These are the key concepts you need to understand to accurately answer the question.

Force resolution
When forces act at angles, it's essential to resolve each into horizontal and vertical components. This process is known as force resolution. Given a force and its angle relative to a reference direction, such as the east or north, we use trigonometric functions to find components.
  • The cosine function helps find the horizontal component: for a force \( F \) at angle \( \theta \) from the east, the eastward component is \( F \cos \theta \). For north of west, be careful with angles, often involving transformations like \(180^\circ - \theta \).
  • The sine function determines the vertical component: \( F \sin \theta \).
Breaking forces into components allows us to analyze their effects more easily in each direction. This skill is crucial for solving more advanced physics problems, especially when multiple forces are acting.
Net force calculation
After resolving forces into components, the next step is calculating the net force. This process involves finding the sum of forces acting in each direction.
  • Add all horizontal components together to get the net horizontal force.
  • Similarly, sum all vertical components to determine the net vertical force.
The net force in any direction is simply the vector sum of individual forces in that direction. Be mindful of the signs, as they indicate the direction of force: positive in conventional east or north directions and negative otherwise. This method allows us to accurately predict the body's response, as given by Newton's second law, to the total or net force acting on it.
Acceleration calculation
Newton's Second Law of Motion states that a body accelerates in response to a net force acting upon it, following the formula: \( a = \frac{F_{\text{net}}}{m} \). To find acceleration:
  • First, determine the net force on the body using previously calculated net force components.
  • Then, apply the law by dividing this net force by the object's mass.
In our example, with the net force of approximately \(8.79 \text{ N}\) and a mass of \(3.0 \text{ kg}\), the acceleration comes out to about \(2.93 \text{ m/s}^2\). Understanding this process is key, as it links how forces change an object's motion, which is central in dynamics.
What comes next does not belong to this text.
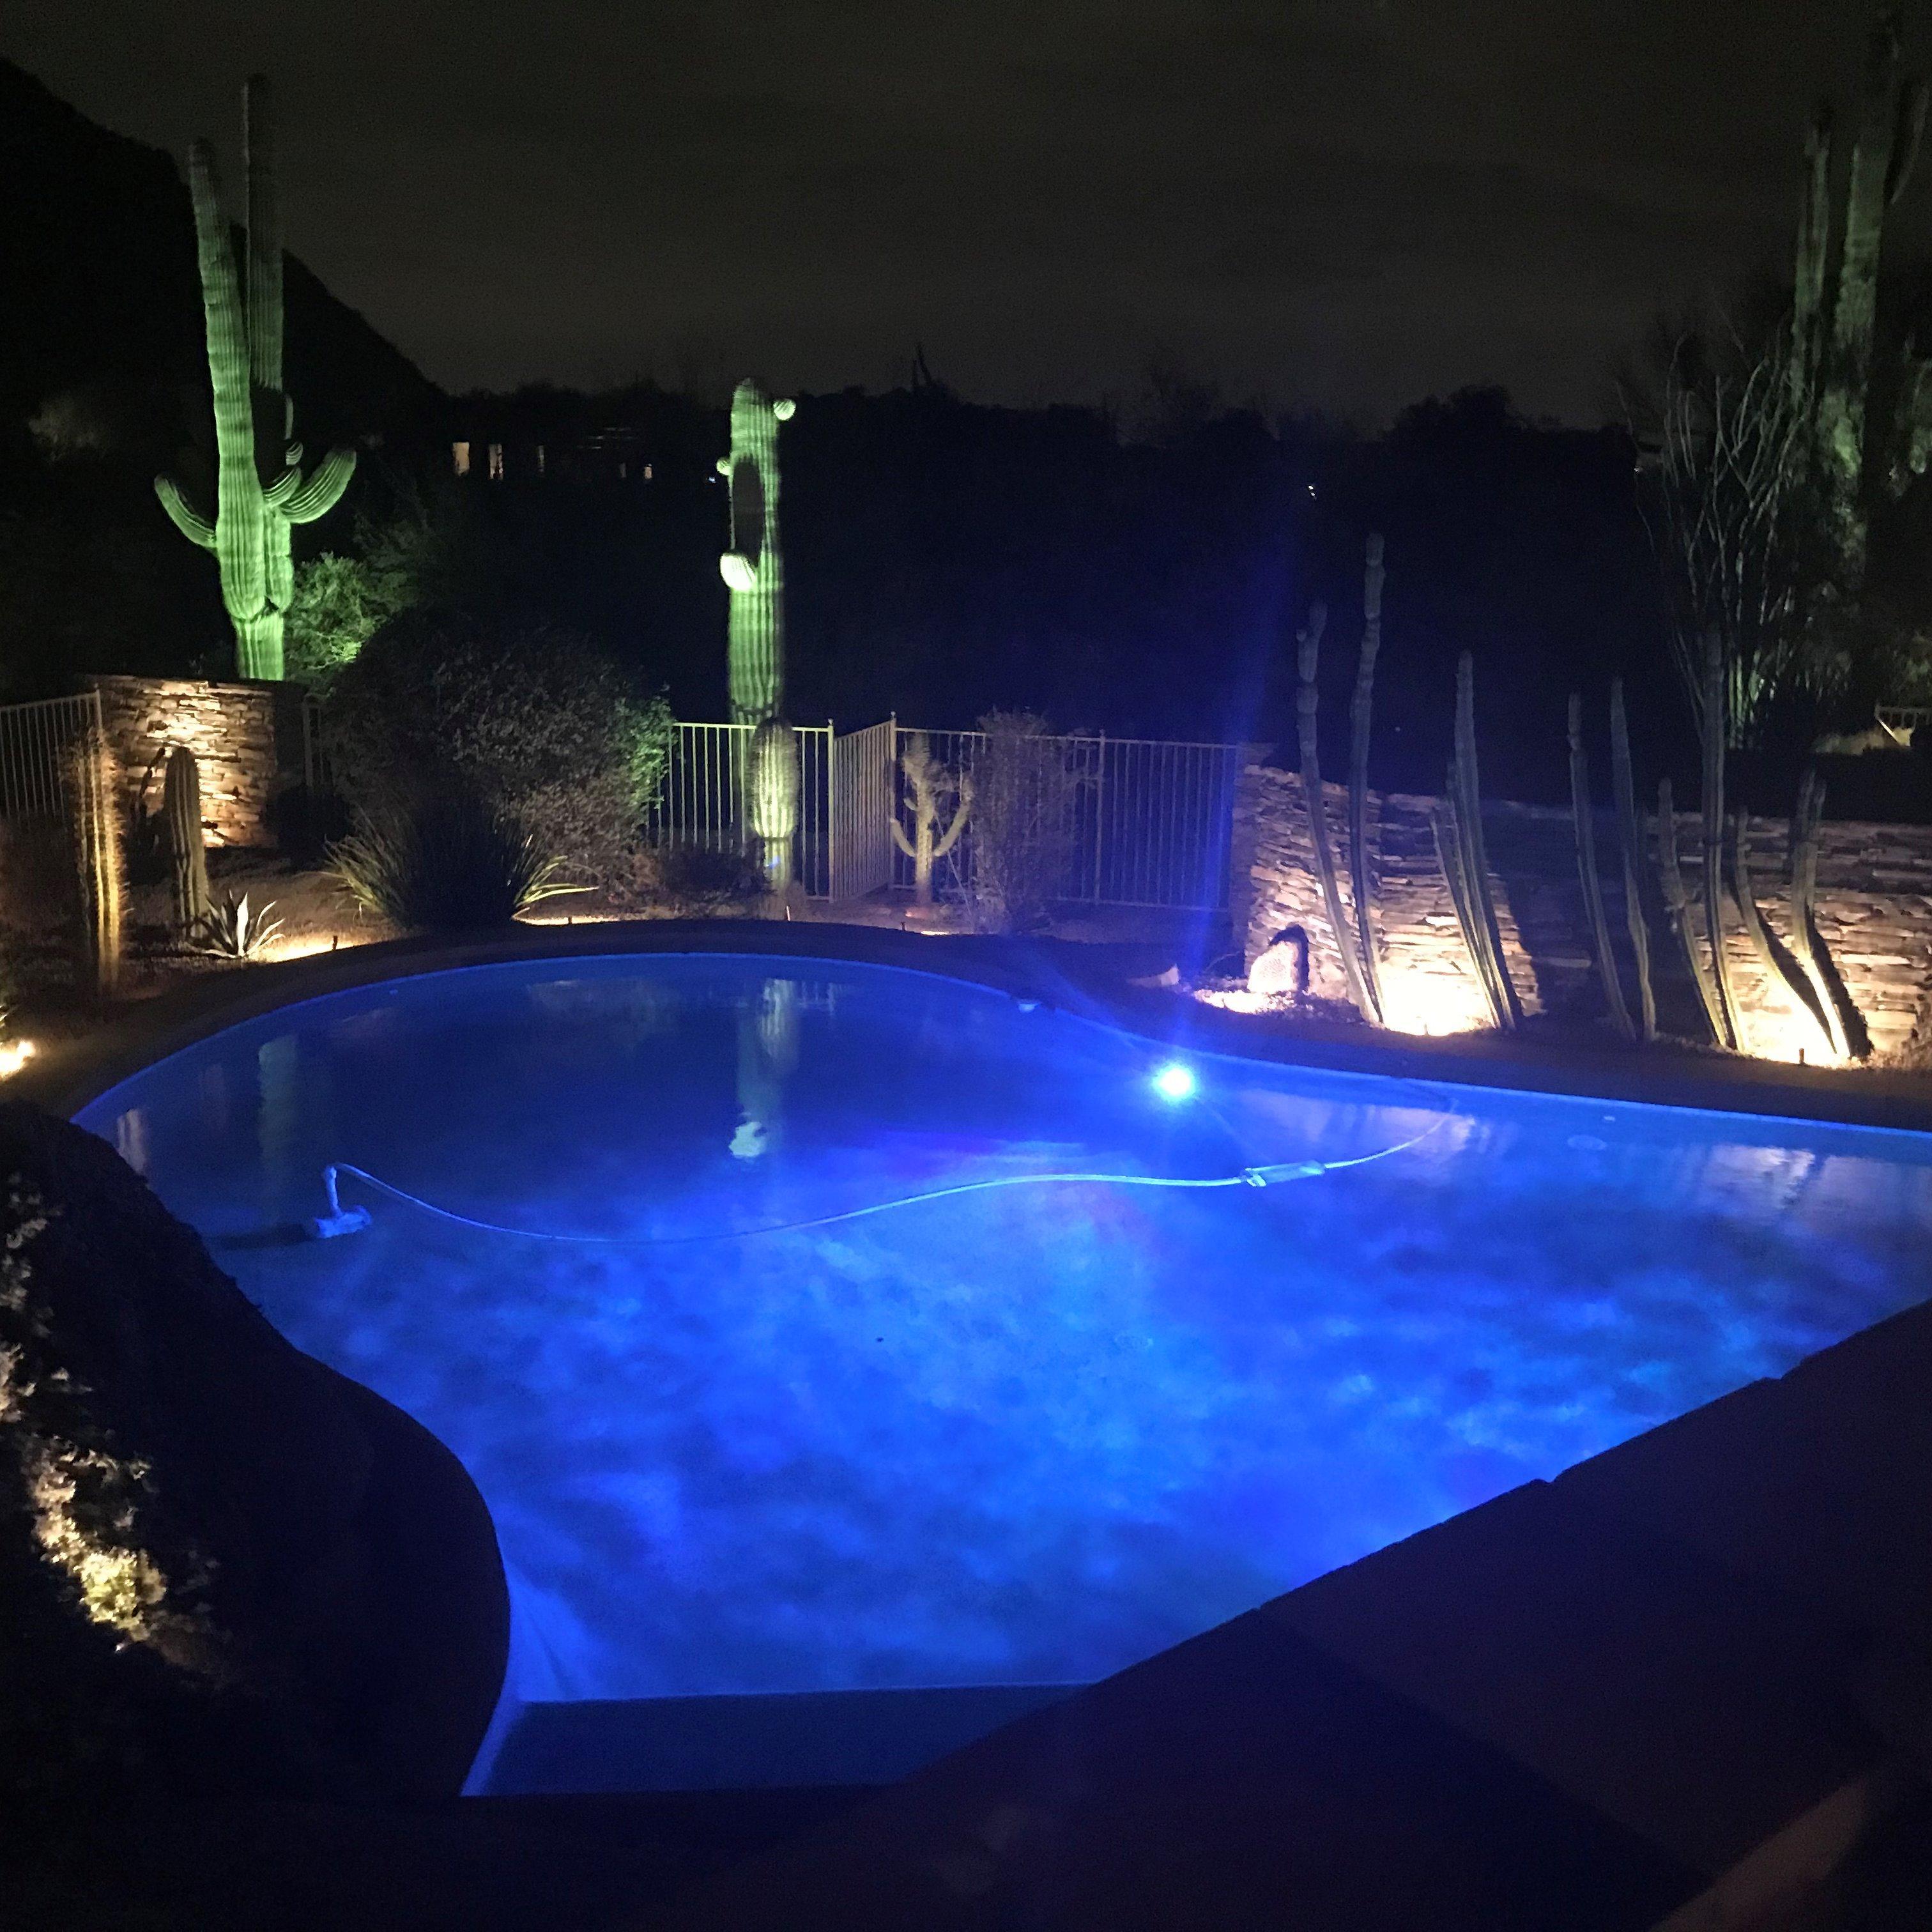 Poolguys Swimming Pool Service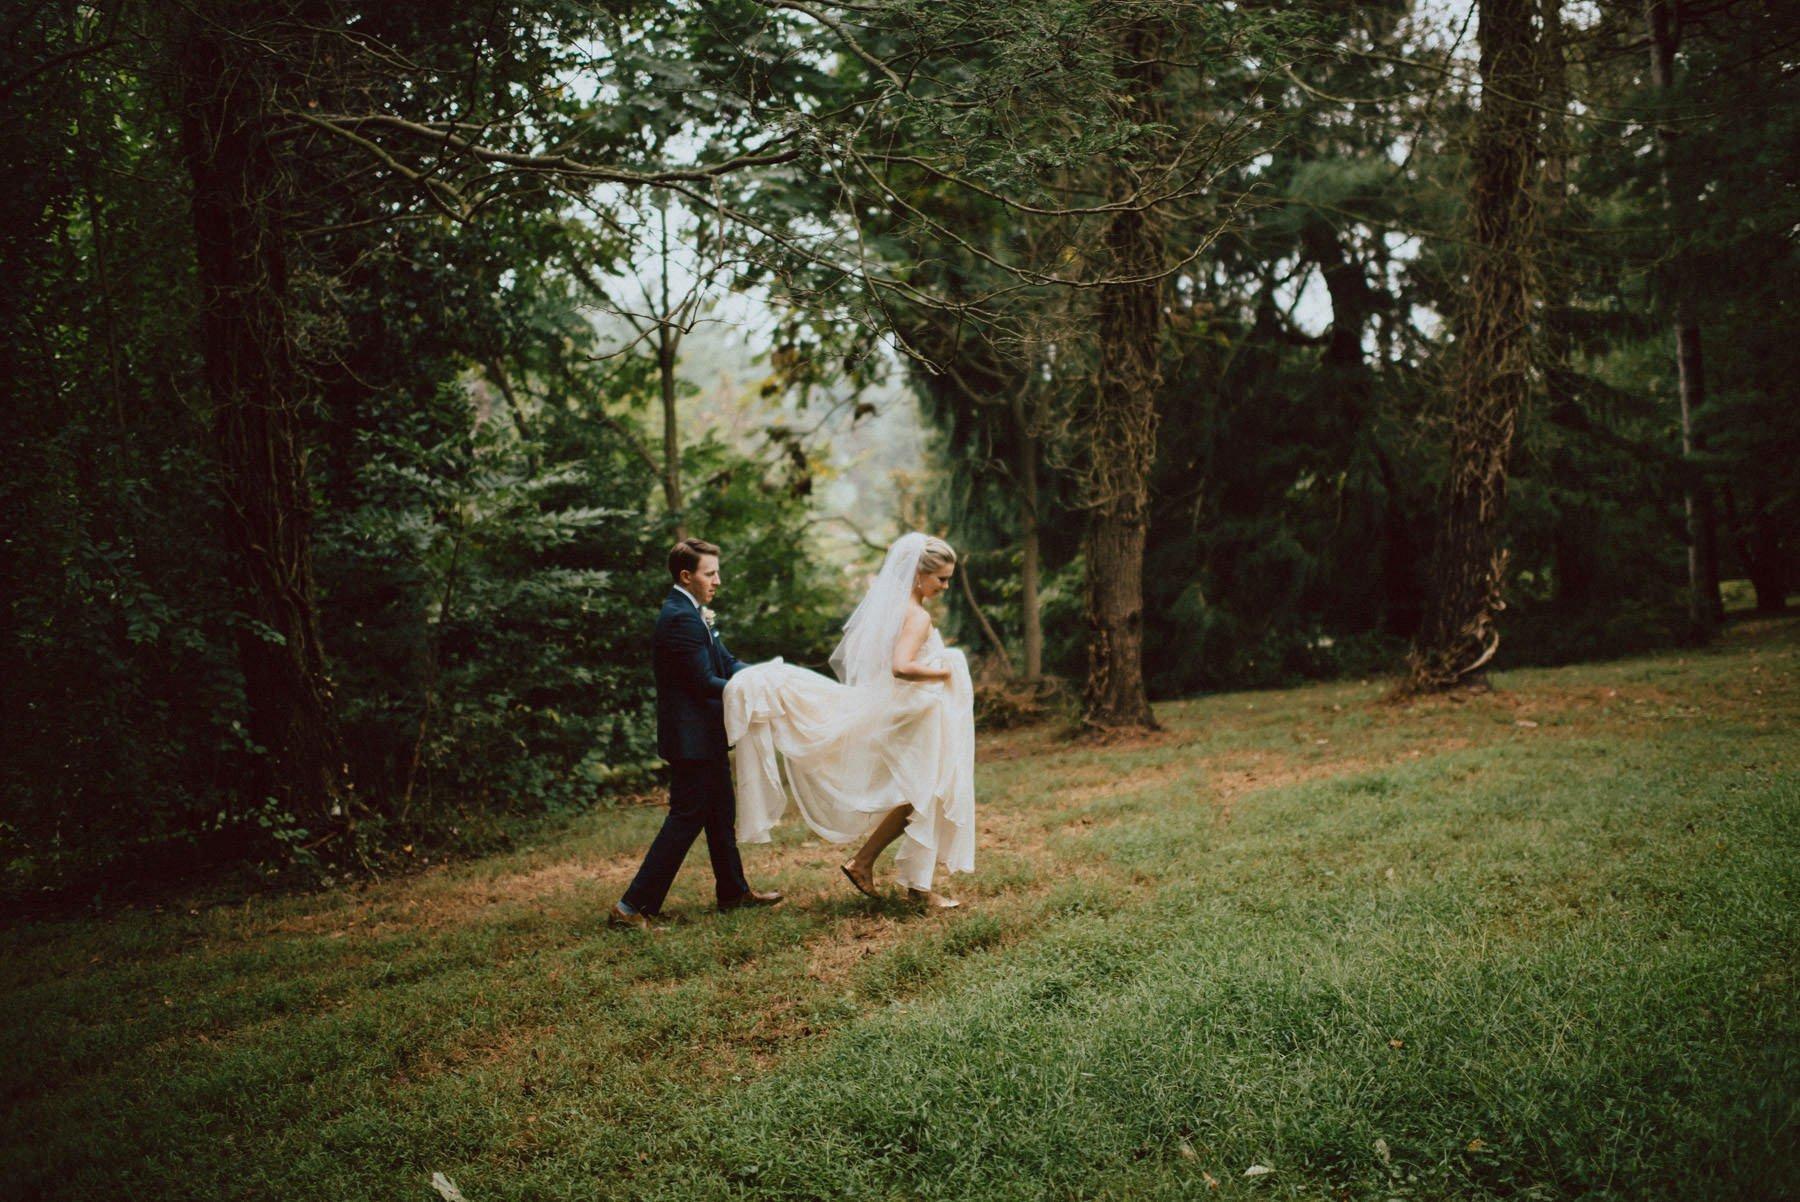 greenville-country-club-wedding-81.jpg

Pythagorean theorem in physics
The Pythagorean theorem often appears in physics for calculating resultant magnitudes from component vectors. Given net force components:
  • The theorem states the magnitude of the resultant vector is the square root of the sum of the squares of its components.
For forces, this means: if \( F_{x_{\text{net}}} \) and \( F_{y_{\text{net}}} \) are the net force components, then the net force magnitude \( F_{\text{net}} \) is \( \sqrt{(F_{x_{\text{net}}})^2 + (F_{y_{\text{net}}})^2} \).
In practice, this theorem helps transform complex vector sums into a simple scalar quantity. This is incredibly useful, particularly when dealing with force vectors at angles, turning geometry into straightforward algebra.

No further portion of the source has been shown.